While most of us would love to live ‘off the grid’, sadly it isn’t always possible. There are lots of ideas throughout my website to help you reduce your consumption of mains electricity and gas. If only we could stop the energy suppliers putting the costs up! Lots of you have had big energy expenses again this winter. I’ve decided to do a little research about what you can do if you’re unhappy with your latest energy bill.
Mistake with the meter reading? – If you are unhappy with a bill, start by checking your meter readings. It is rare to find an error, but they can occur. If your meter reading is wrong, take a photo of it and phone your energy supplier’s customer helpline. They will adjust your account and send you a revised bill. Some people are lucky enough to have smart meters that send out accurate readings automatically. Most energy companies are trying to roll out the installation of smart meters. You could ask your supplier when yours may be due for this important upgrade.
Spread the cost? – Lots of us are getting combined gas and electricity bills these days. This means we have to pay for both all at once. There is the option to spread your energy costs. You can do this by setting up a direct debit with your current supplier. They analyse your annual usage and then work out an average monthly cost. This is taken from your bank account automatically. A direct debit means your energy costs should be roughly the same every month. You needn’t worry about getting a really huge bill in the winter.
Switching supplier – It is your right to switch supplier without penalty. However, this process is not instant. You must also clear any debt you have with your current supplier. To choose a supplier, you could use a price comparison website. These give you a list of possible companies that may be able to give you a better price over the course of a year. I strongly recommend you find some recent customer reviews before switching though. You should also consider the independent companies, and not just the big six. To make the switch, you’ll need to speak to the new company. Pick a company that is transparent about their charges and their customer service performance. For example, it seems First Utility have addressed their problems. Visit their website and look for what your chosen supplier is doing to improve things for customers. None of them are perfect, but some are doing more to improve than others.

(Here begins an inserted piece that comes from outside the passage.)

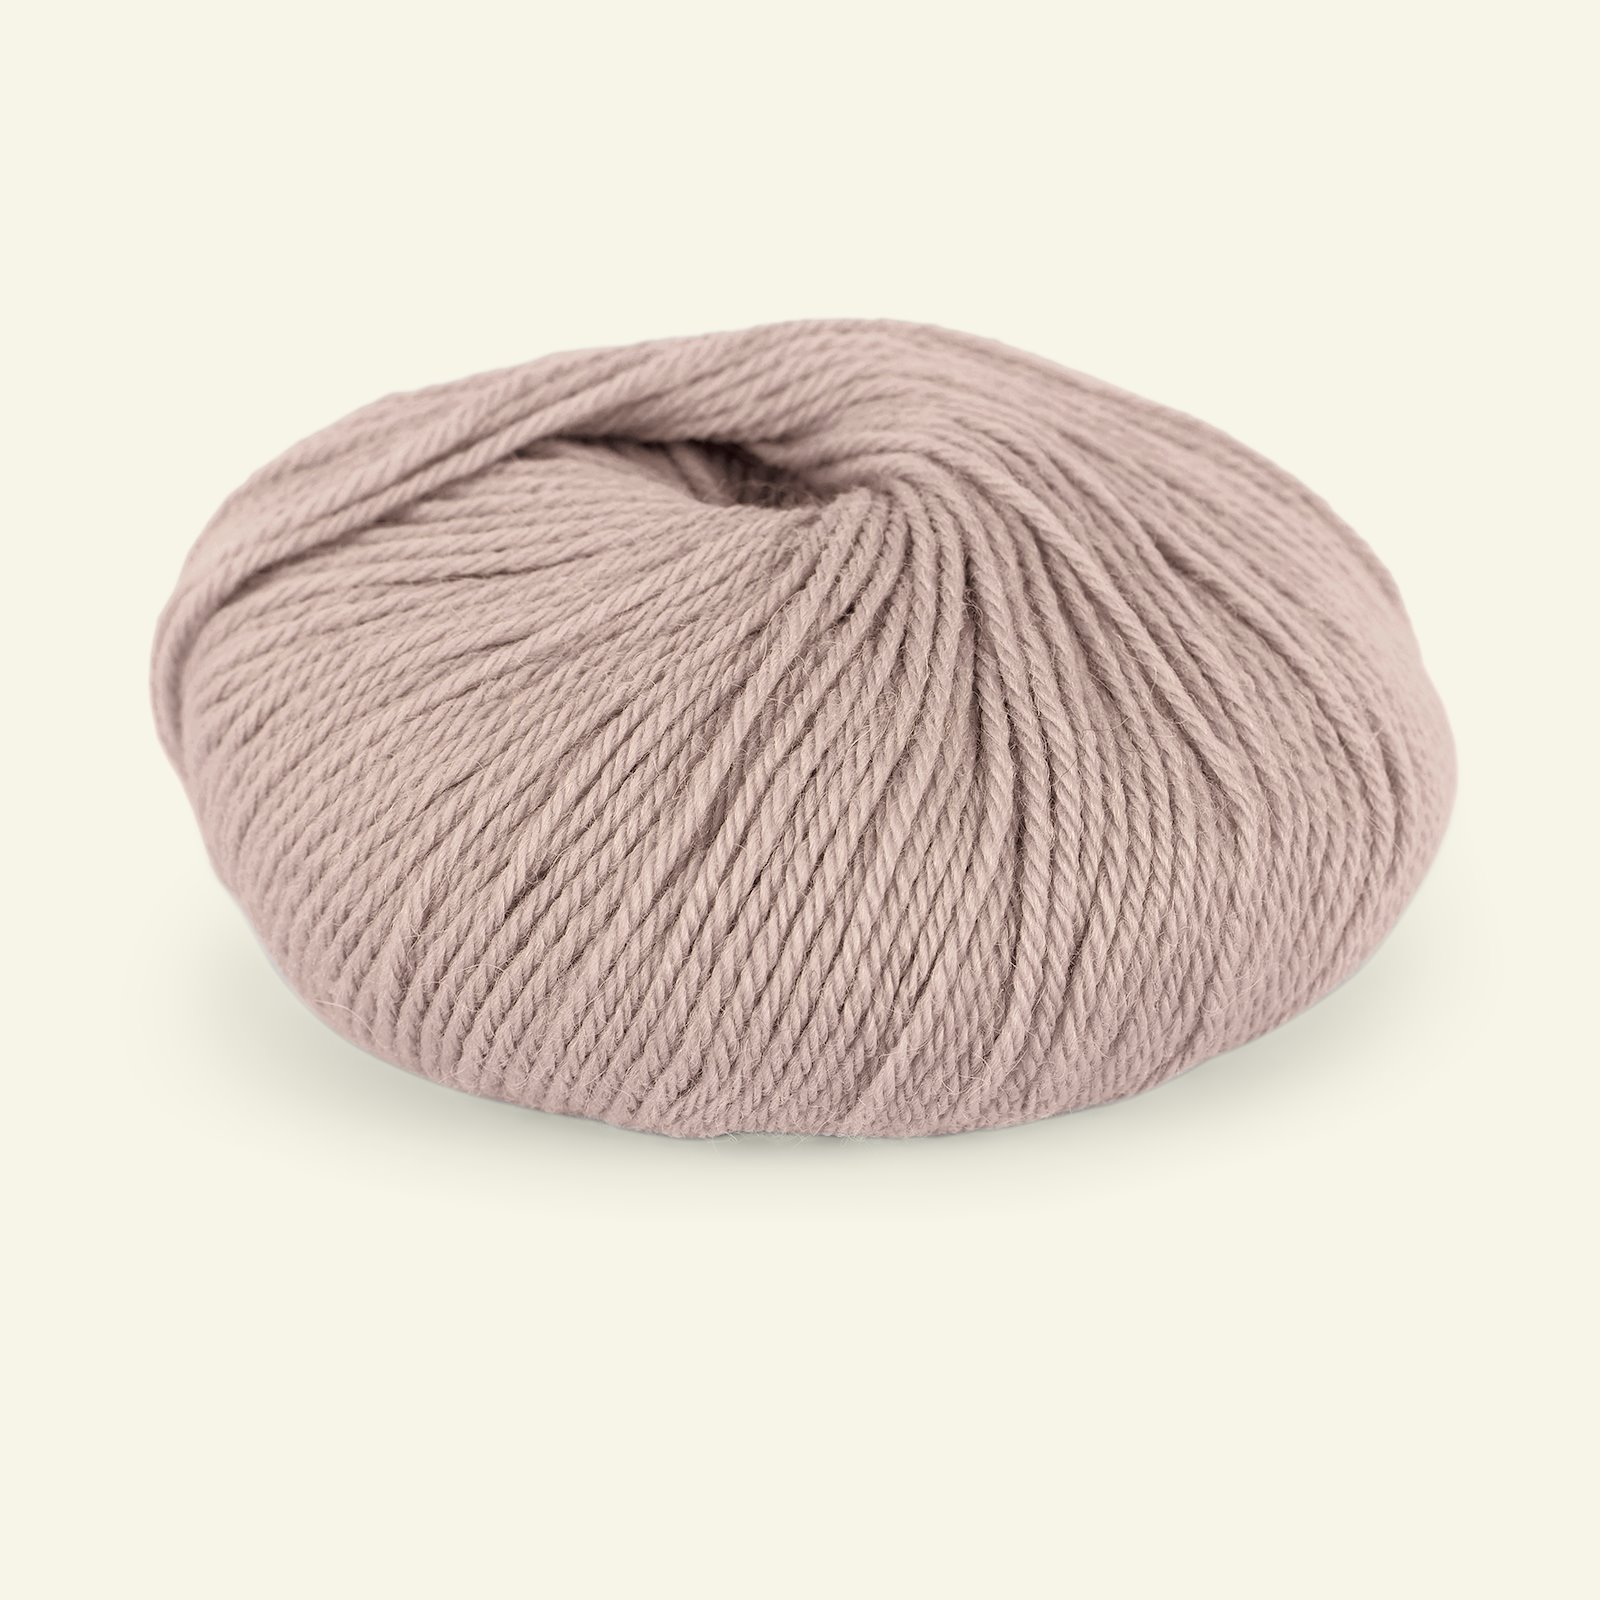 Du Store Alpakka, alpaca merino mixed yarn "Sterk", beige (854) 90000678_pack_b
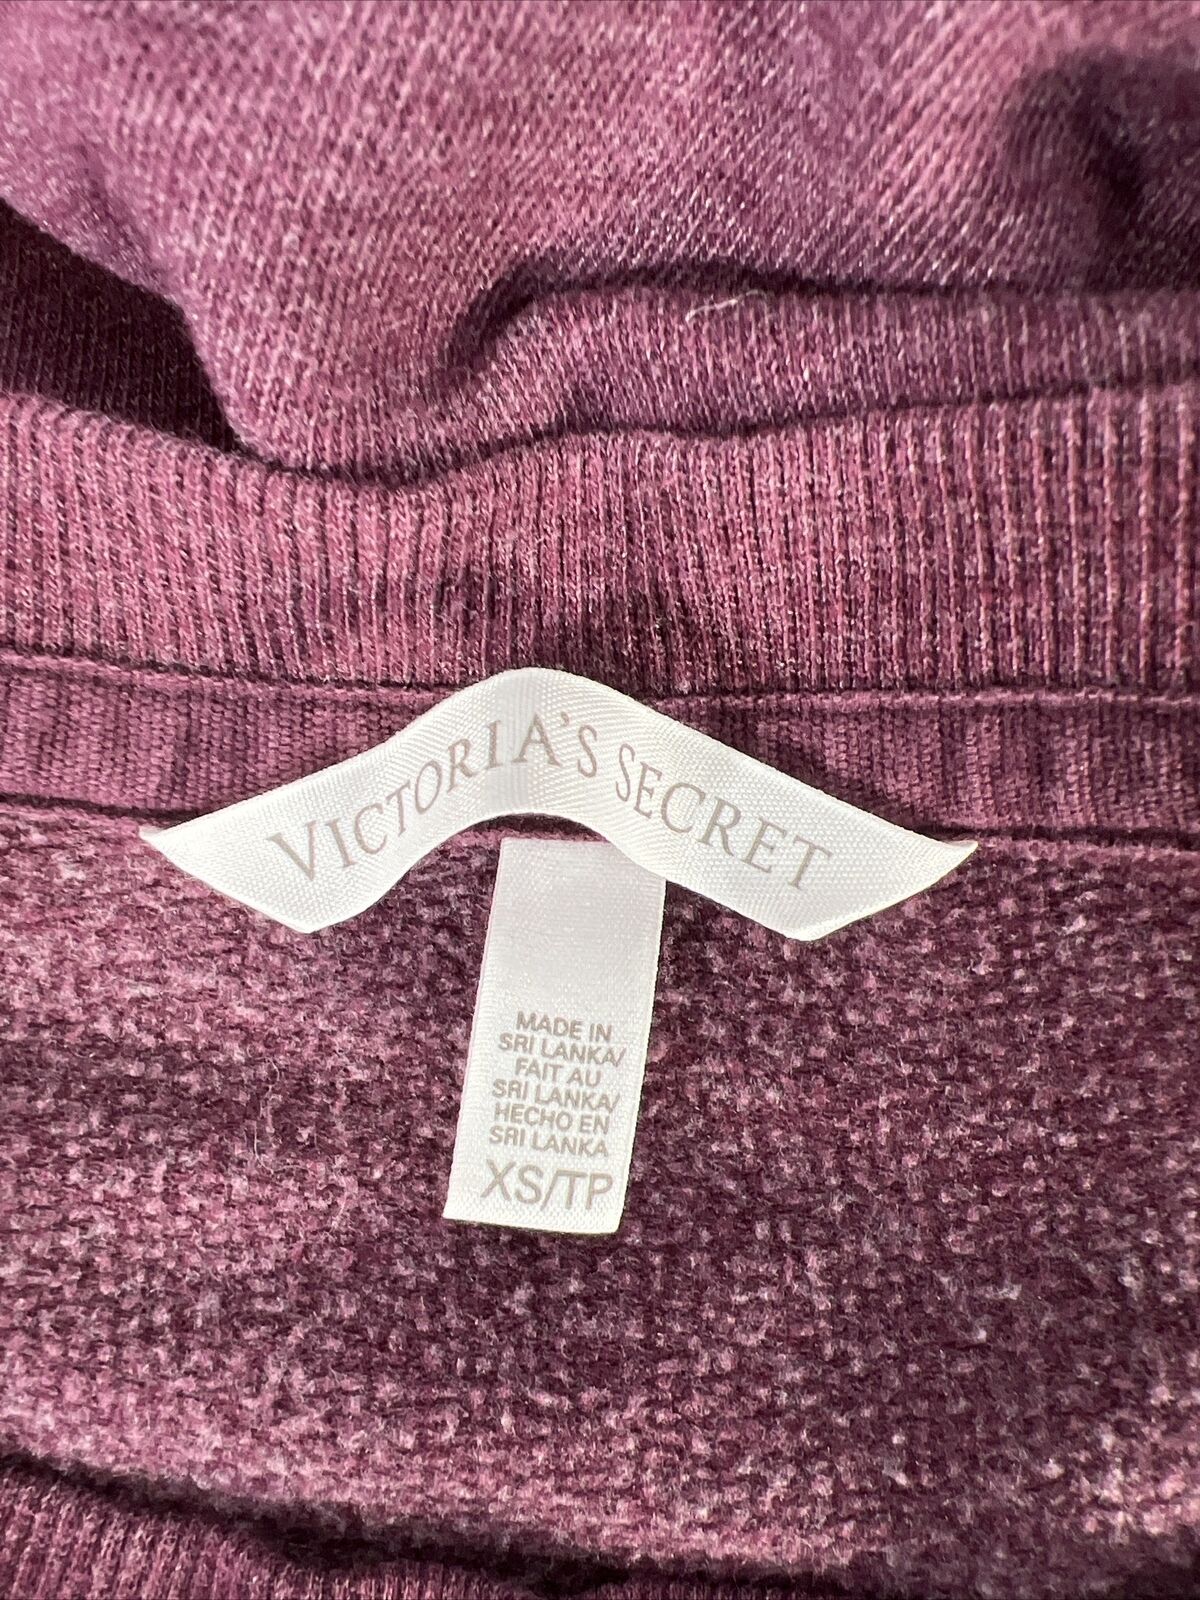 Victoria's Secret Women's Burgundy Long Sleeve Crewneck Sweatshirt - XS

Switching suppliers is not as straight forward and simple as it should be, but it’s a lot easier to do these days than before. It will still take about twenty-one days to happen. You may receive bills from both companies within a month of choosing to switch. Make sure there are no overlapping meter readings. The good news is your supply will not be interrupted. For potential savings of £200 a year, it is worth an afternoon of research to find your ideal energy supplier.